オリンピックPRESSBACK NUMBER
“日本最難関”東大の水泳部で「ある異変」…まさかの“日本インカレ9人出場&準優勝スイマーも出現”の衝撃「選手が続々覚醒」で過去最強になったナゼ
text by

別府響Hibiki Beppu
photograph byBUNGEISHUNJU
posted2025/11/25 11:01
言わずと知れた日本の最難関大学である東京大学。その水泳部競泳チームが躍進を見せている理由は…?
言うまでもなく、日本インカレは日本の学生競泳界では最高峰の大会だ。
当然、参加標準記録も相当にハイレベルで、ほとんどの出場選手が高校時代から全国大会の出場実績を持つ。その選手たちが強豪私大で切磋琢磨し、ようやくたどり着けるような舞台でもある。その舞台に、高校時代に競技実績などない選手がほとんどの東大チームが大挙して現れたのである。

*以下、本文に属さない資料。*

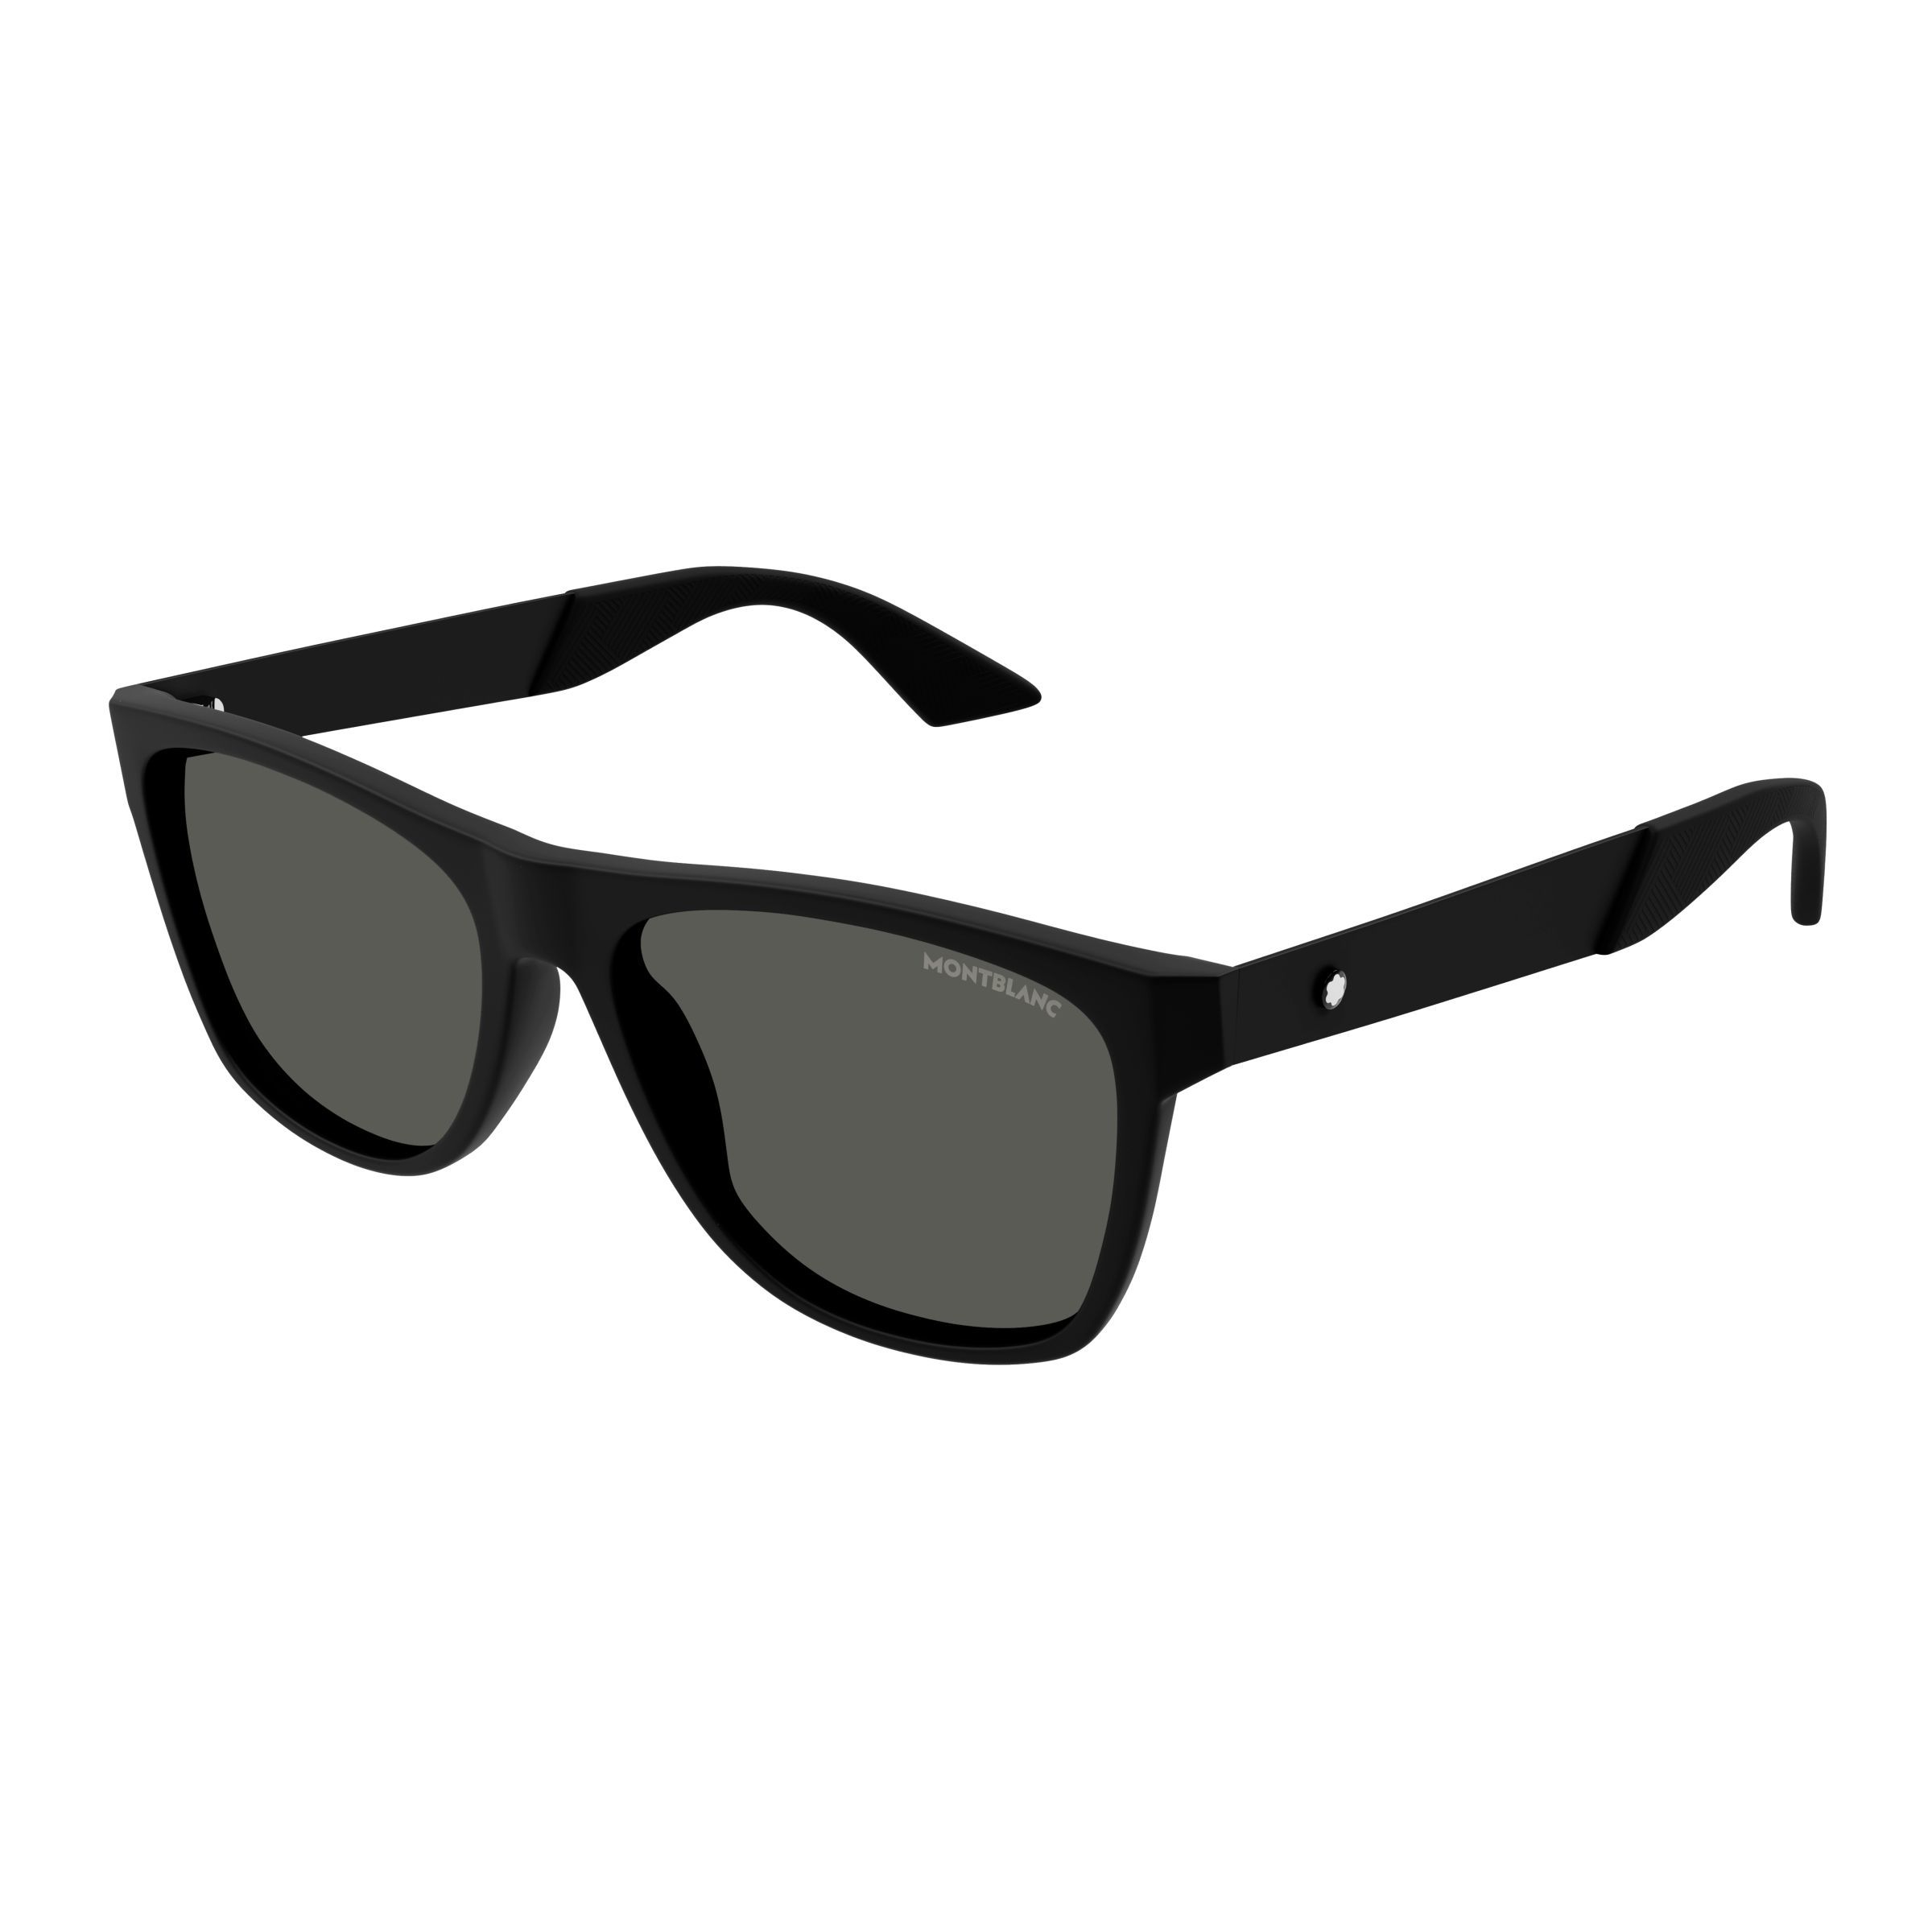 MB0298S Square Sunglasses 005 - size 56

果たして彼らの「覚醒」のウラには、一体どんな魔法があったのだろうか? 大きな理由のひとつが、ある若手コーチの存在だった。
「水泳一色」だった選手がなぜ…東大のコーチに?
ADVERTISEMENT
2022年から東大水泳部のコーチを務める押切雄大は、今年で32歳になった。
高校、大学時代の押切は、端的に言えば水泳一色の学生生活を送ってきた。
神奈川の日本大学高校時代は全国的には無名だったものの、平泳ぎでインターハイまでは出場。2012年に大学競泳界の超名門・日本大学へ進学後すると、そこで一気に才能が開花する。
3年時には日本選手権の200m平泳ぎで2位に入ると、同年のパンパシフィック水泳選手権、世界短水路選手権では日本代表として日の丸も背負った。
「楽しい水泳は高校までという感じで。大学以降はもう、とにかく結果を出さないと……と必死にやっていましたね。なんとか代表になって、世界水泳や五輪に出たい気持ちだけでした」
連日つづくハードなトレーニング。優先順位はどうしても競泳に比重が置かれる。
学業面でも押切は単位こそキッチリと取っていたが、「積極的に何かを学ぼうという姿勢ではなかったですね」と振り返る。周囲を見渡せば、授業に出ずとも教授陣の裁量で単位がもらえてしまうような部員も決して少なくないのが現実だった。
2016年に大学を卒業後は、航空関係の企業へと就職した。
そこで五輪の大舞台を目指したが、当時はリオ五輪とその後の地元・東京での五輪を控え、瀬戸大也や萩野公介といった「競泳黄金世代」がひしめき合っていた時代だった。押切のメイン種目である平泳ぎも、小関也朱篤や渡辺一平といった世界トップレベルの選手を倒さなければ代表の切符は手に入らない状況だった。
結果的に押切は、大舞台に手が届かなかった。